The data: Begin
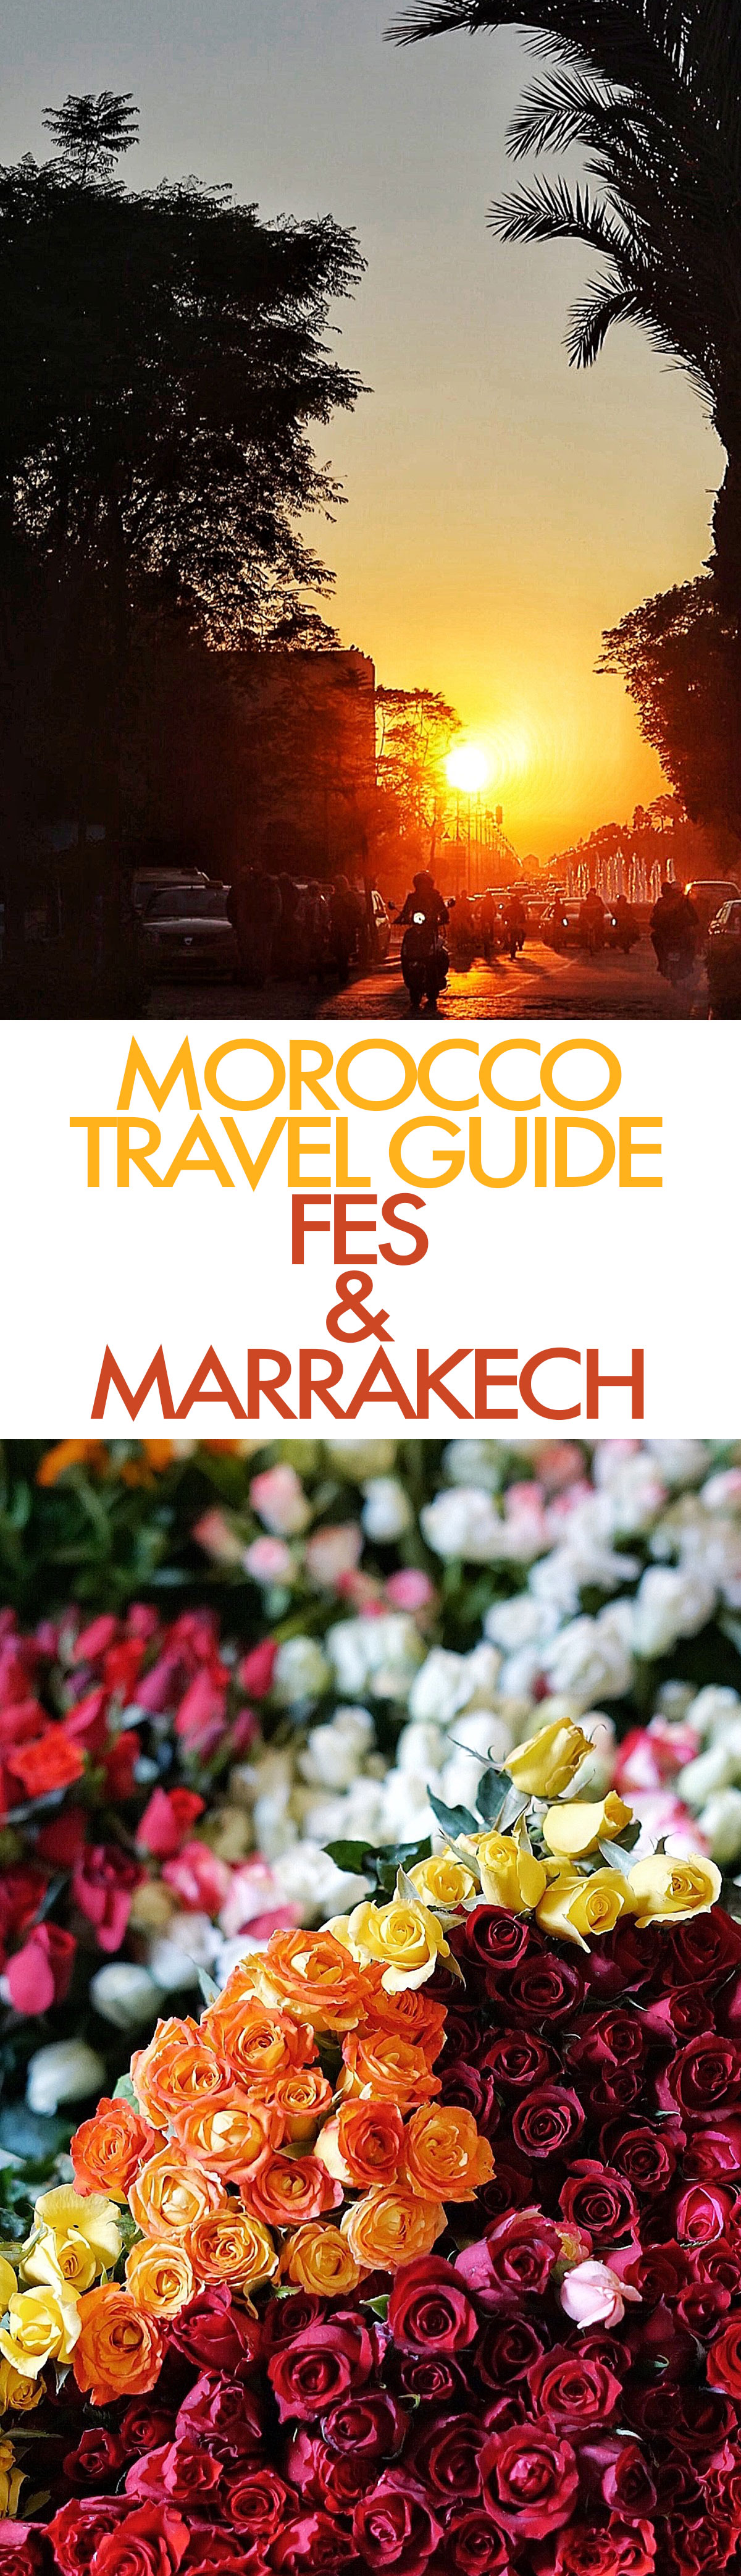 Morocco Guide: Fes & Marrakech
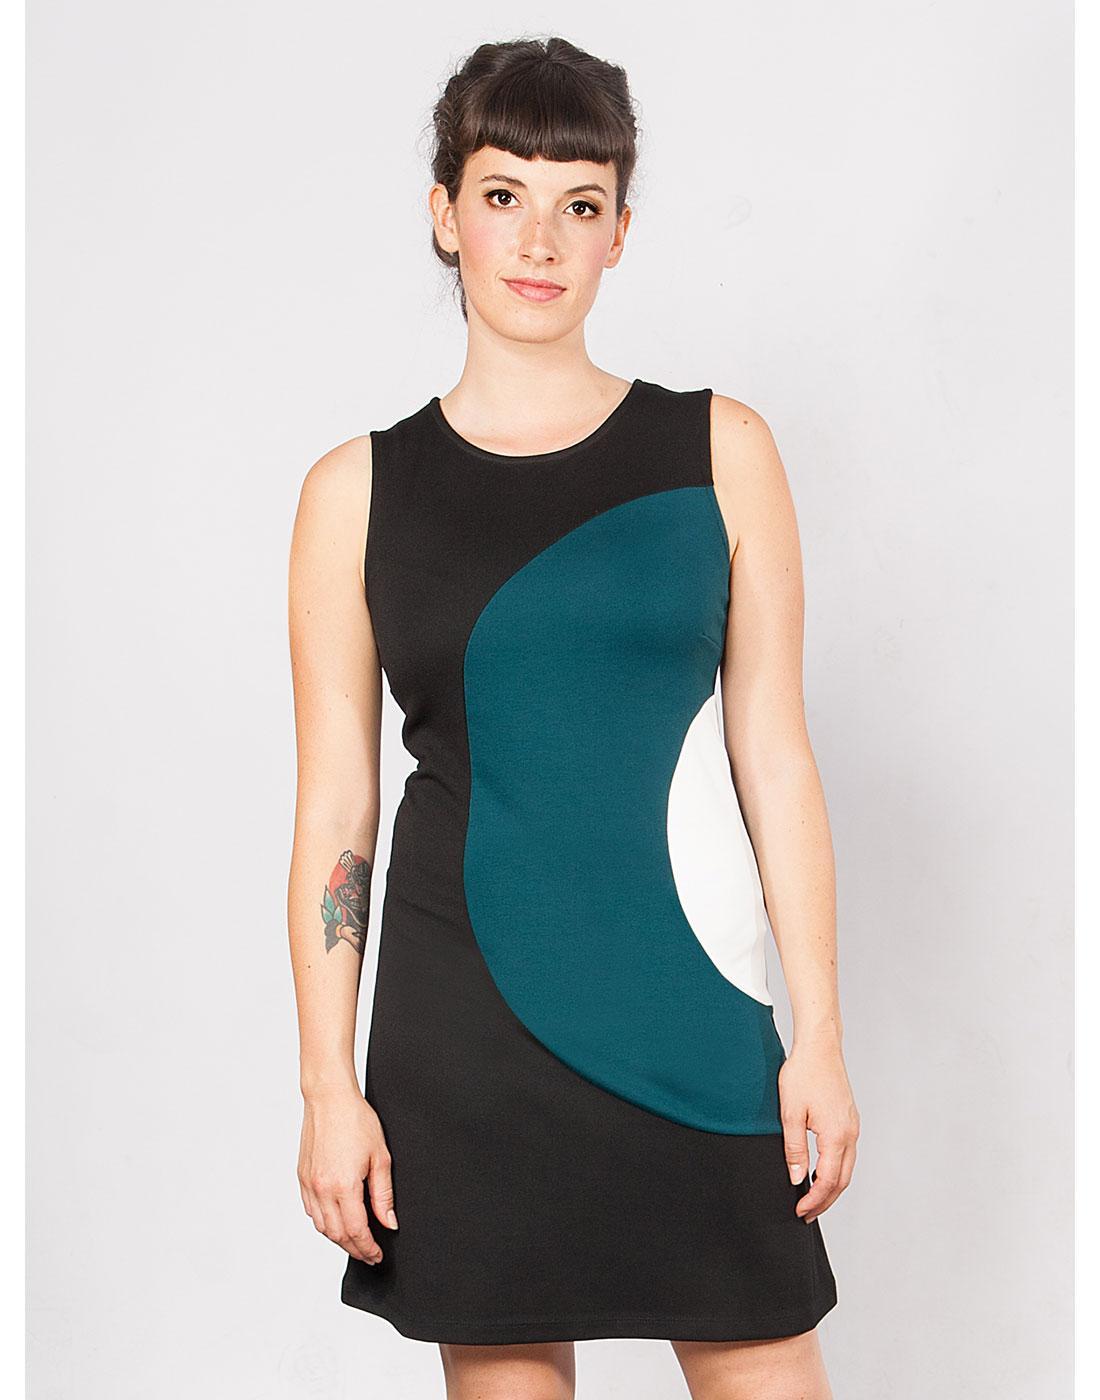 Peggy MADEMOISELLE YEYE Retro Mod Target Dress
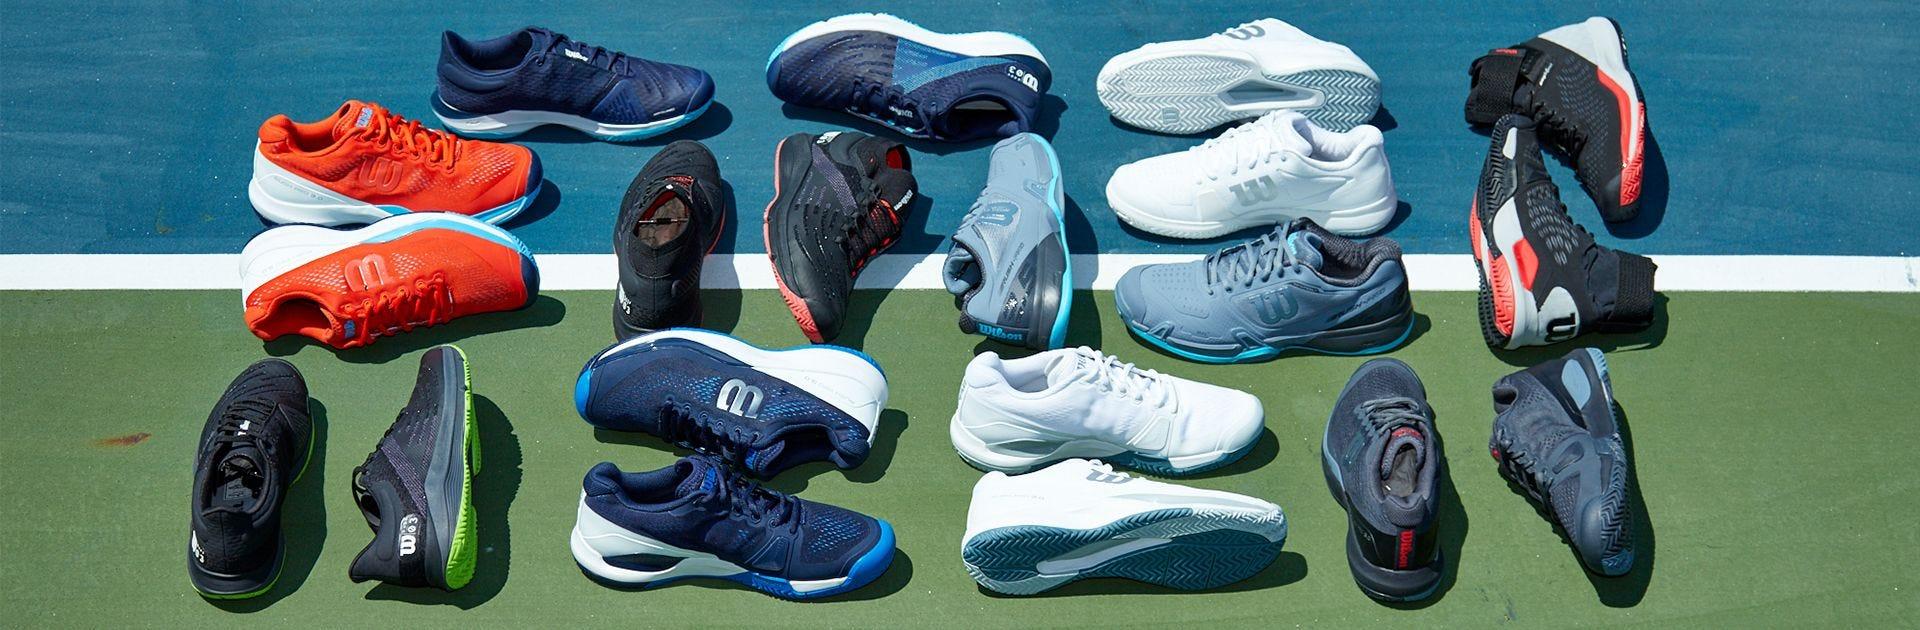 Wilson Men's Shoe Range on Tennis Court
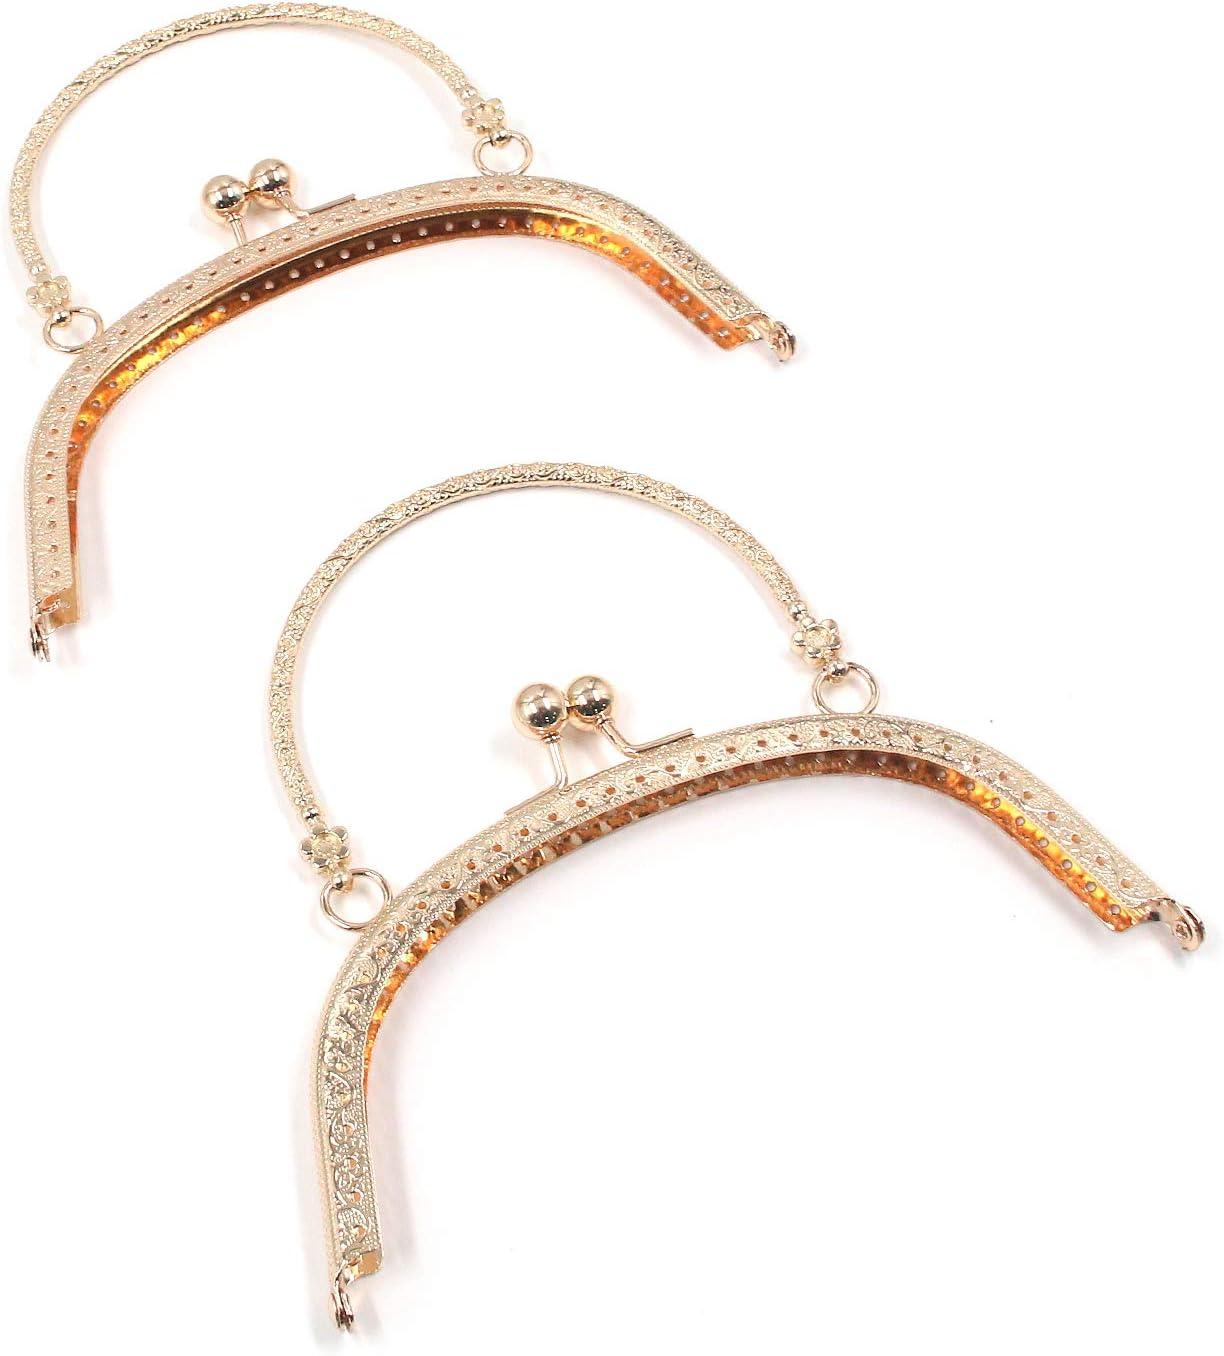 Healifty 6pcs Metal Purse Frames Handbag Coin Purse Kiss Clasp Locks Purse Making Supplies for DIY Craft Bag 85mm
The data: End
[Task to complete] Skip the pictures; extract only the lines from the line with "Peggy MADEMOISELLE YEYE" through the final line of the material, exactly as they appear.

[Answer section]
 Peggy MADEMOISELLE YEYE Retro Mod Target Dress
 Wilson Men's Shoe Range on Tennis Court
 Healifty 6pcs Metal Purse Frames Handbag Coin Purse Kiss Clasp Locks Purse Making Supplies for DIY Craft Bag 85mm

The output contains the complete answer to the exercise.